This Low Carb Mixed Berry and Cream Cheese Coffee Cake is the perfect treat you need with a nice cup of tea. Creamy, moist, fruity and with a nice crispy streusel topping it’s great for a summers evening or cozying up on a Sunday with a good book.
Preheat the oven to 350 F / 180 C / 160 fan and line the bottom of an 8 inch (20cm) round springform baking pan with parchment paper. Grease the sides and baking paper with butter.
Add the eggs to a large mixing bowl and whisk with an electric whisk for 1.5 minutes until superlight and fluffy.
Add the melted butter, yogurt, almond milk, vanilla extract and Swerve. Whisk until combined.

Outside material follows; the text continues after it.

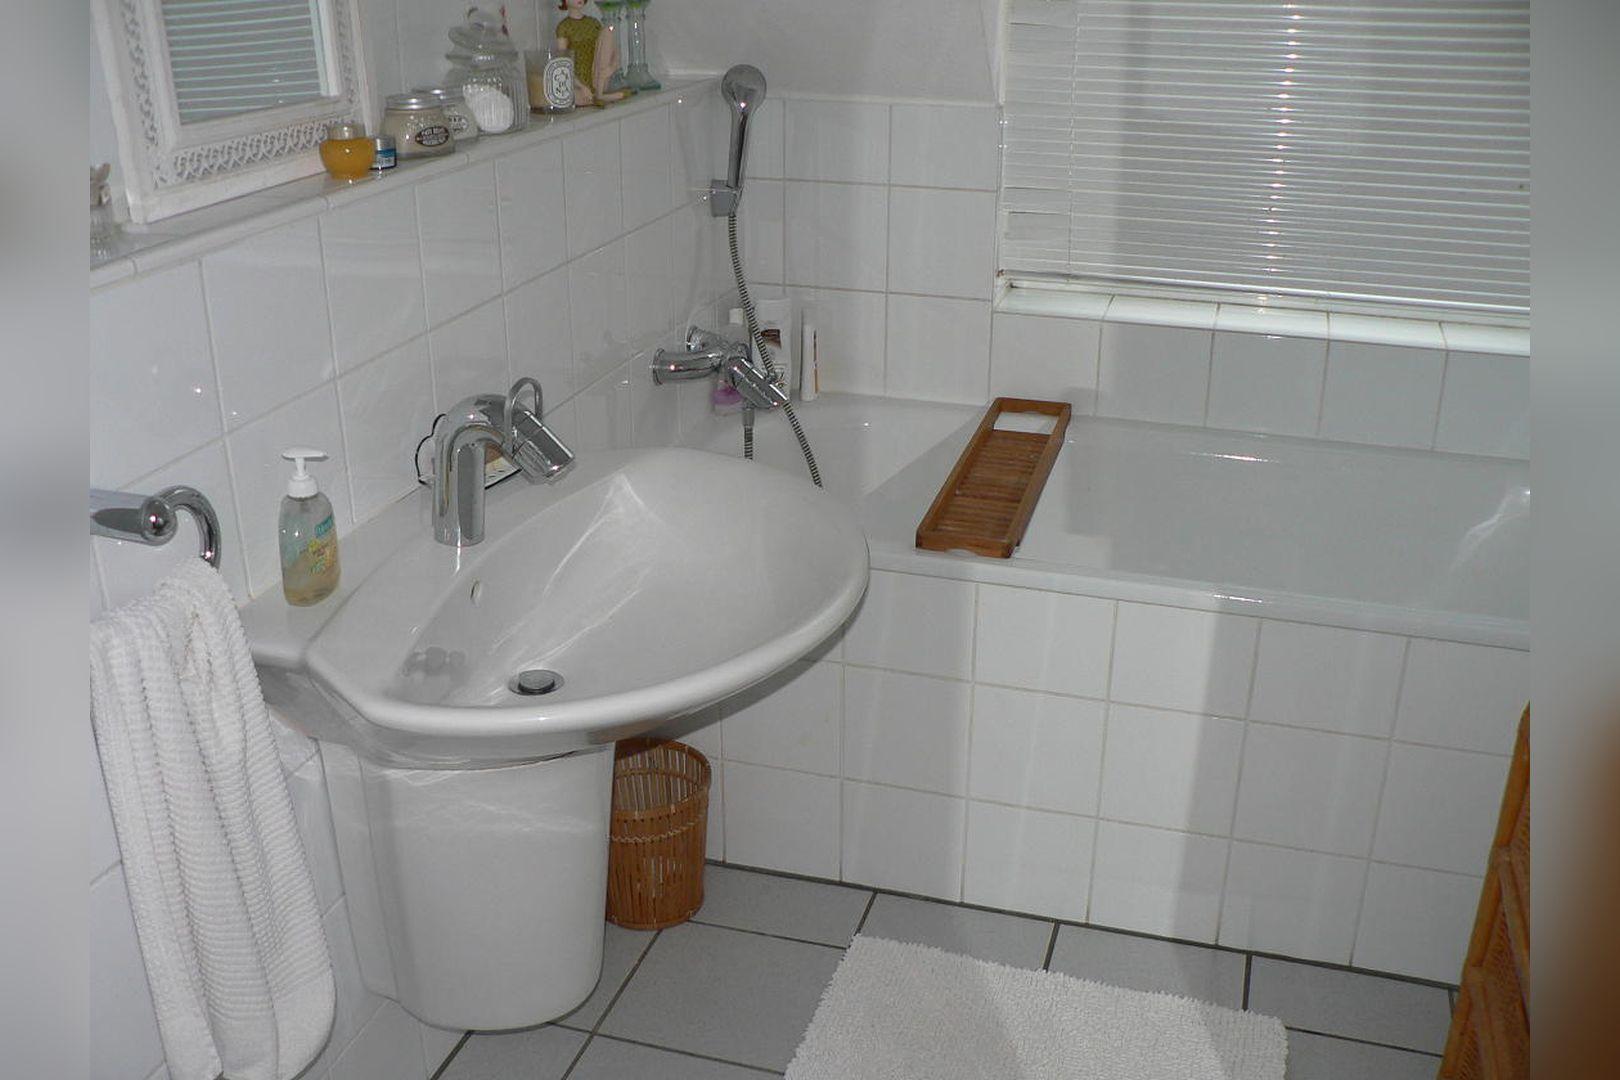 Immobilie Nr.0261 - Reihenmittelhaus mit Garten, Garage u. Stellpl. - Bild 5.jpg

Mix the almond flour, coconut flour and baking powder in a clean bowl. Add the dry to the wet ingredients and blend until combined. Don’t over beat.
STREUSEL
Mix all ingredients in a separate bowl using a spoon and press with your fingers into small clumps.
ASSEMBLY
Add the cake batter to your baking pan and level with a spatula. Spread or dollop the cream cheese on top leaving 1 inch rim at the edge. Top with berries in a single layer and then sprinkle over the streusel topping.
Bake for 60 - 70 minutes. Check after 40 minutes. If toothpick or skewer inserted in center is dry, it's done. If the top of the cake starts to brown, you can loosely cover with a sheet of tin foil, but don’t seal it.
Let the cake cool completely before releasing and removing the springform.
NOTE the cake will feel super soft once out the oven but it will firm up as it cools so try not to over bake.